Today is also my last day in Cancun, tomorrow I'm heading to Playa del Carmen. My time here has been enjoyable. My hostel in Cancun, Hostal Marpez, is a great place. I have a large room all by myself for a ridiculously low price. Lots of great and cheap restaurants nearby. Bus station 5 minutes walking.

I enjoy speaking Spanish, and all the bits that I lost in the last 9 months while being away from the Latin world, have come back. I feel comfortable here. I can't help but compare the life here to Panama, and there are so many similarities. Mexico does have a much better public transportation system though. And the customer service culture seems to be better on the average.

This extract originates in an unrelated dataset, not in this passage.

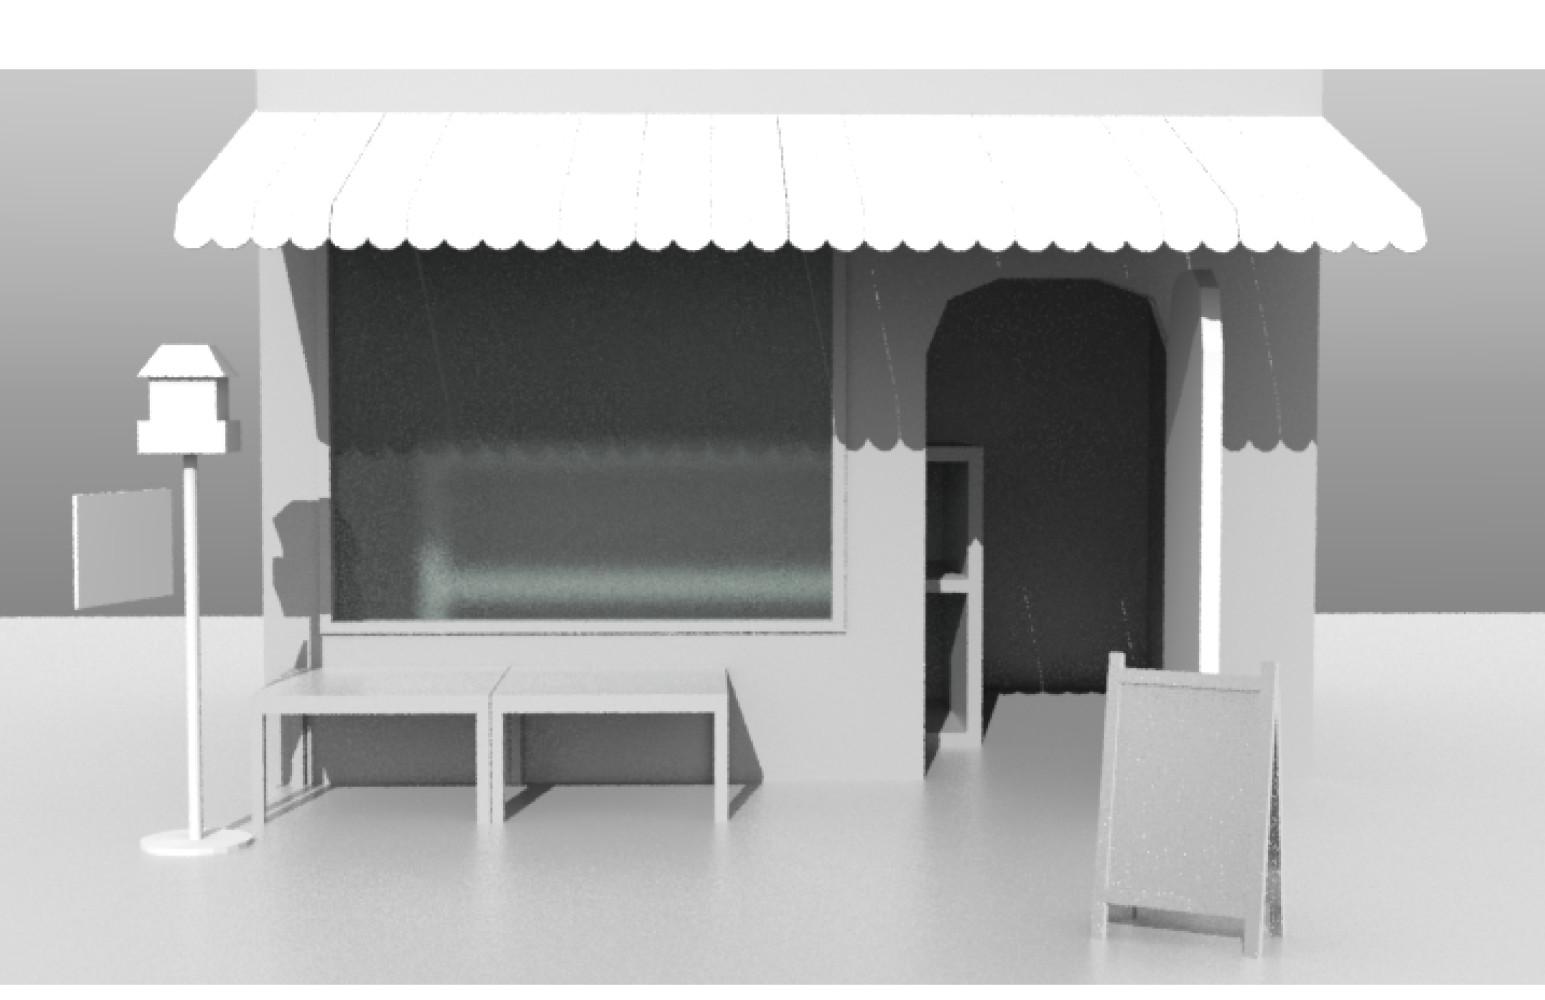 Basic 3D Model (done by MWTetsu)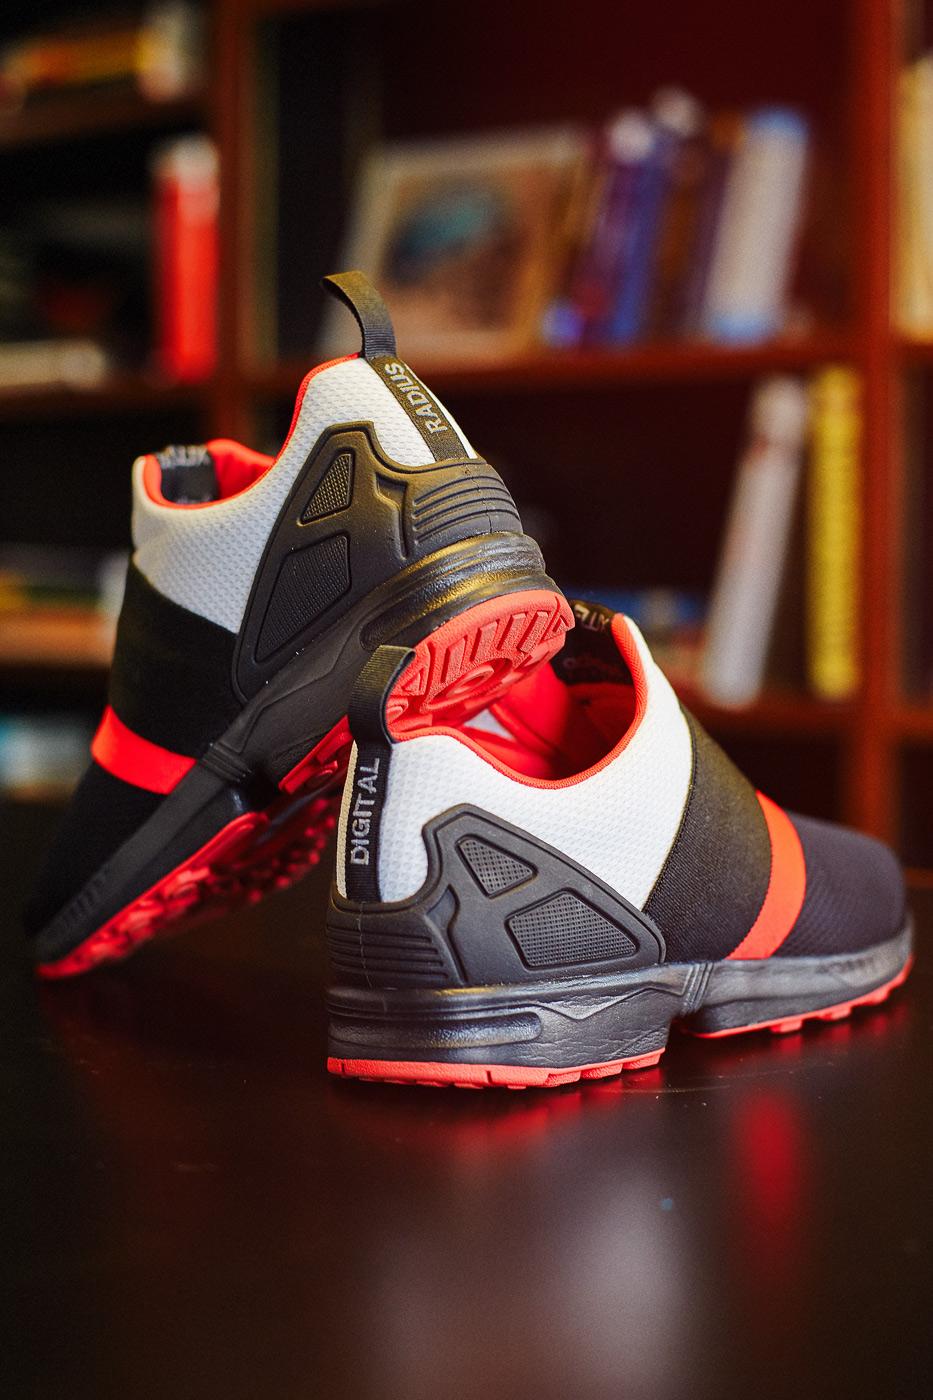 Radius Digital Shoes

I also managed to get burned by the sun a bit, but thats okay. I am well equipped with all kinds of sunscreens and after-sun creams. Tomorrow I'll go to the beach again.

Cancun, Mexico

I started my month-long trip from Cancun, Mexico. Arrival went smoothly. The immigration lines were huge, the advertising on the airport walls had spelling errors. After I had bought my bus ticket to town, I noticed that it said "Niños" (children) and the ticket price mentioned was 2x less than what I paid. So that's how they're making some extra pocket money. The bus driver let me on board with it, so he was in on it too. I didn't mind. We're all in this together.

As I hardly have any agenda and deadlines, I am not in a hurry to do anything. So I decided to walk from the bus station to my hotel. Even though I had looked it up on the map before, I still managed to get lost and it took me 2 hours to get to the hotel. But again - as I am not in a hurry, it was a good way to get to know the city. I discovered that people are friendly and helpful, everyone I asked for the way responded kindly.

The city reminds me a lot of Panama City, the older parts (not historical, but older), so I felt right at home. I was anticipating to have at least some problems of integration, but none. Speaking Spanish sure helps.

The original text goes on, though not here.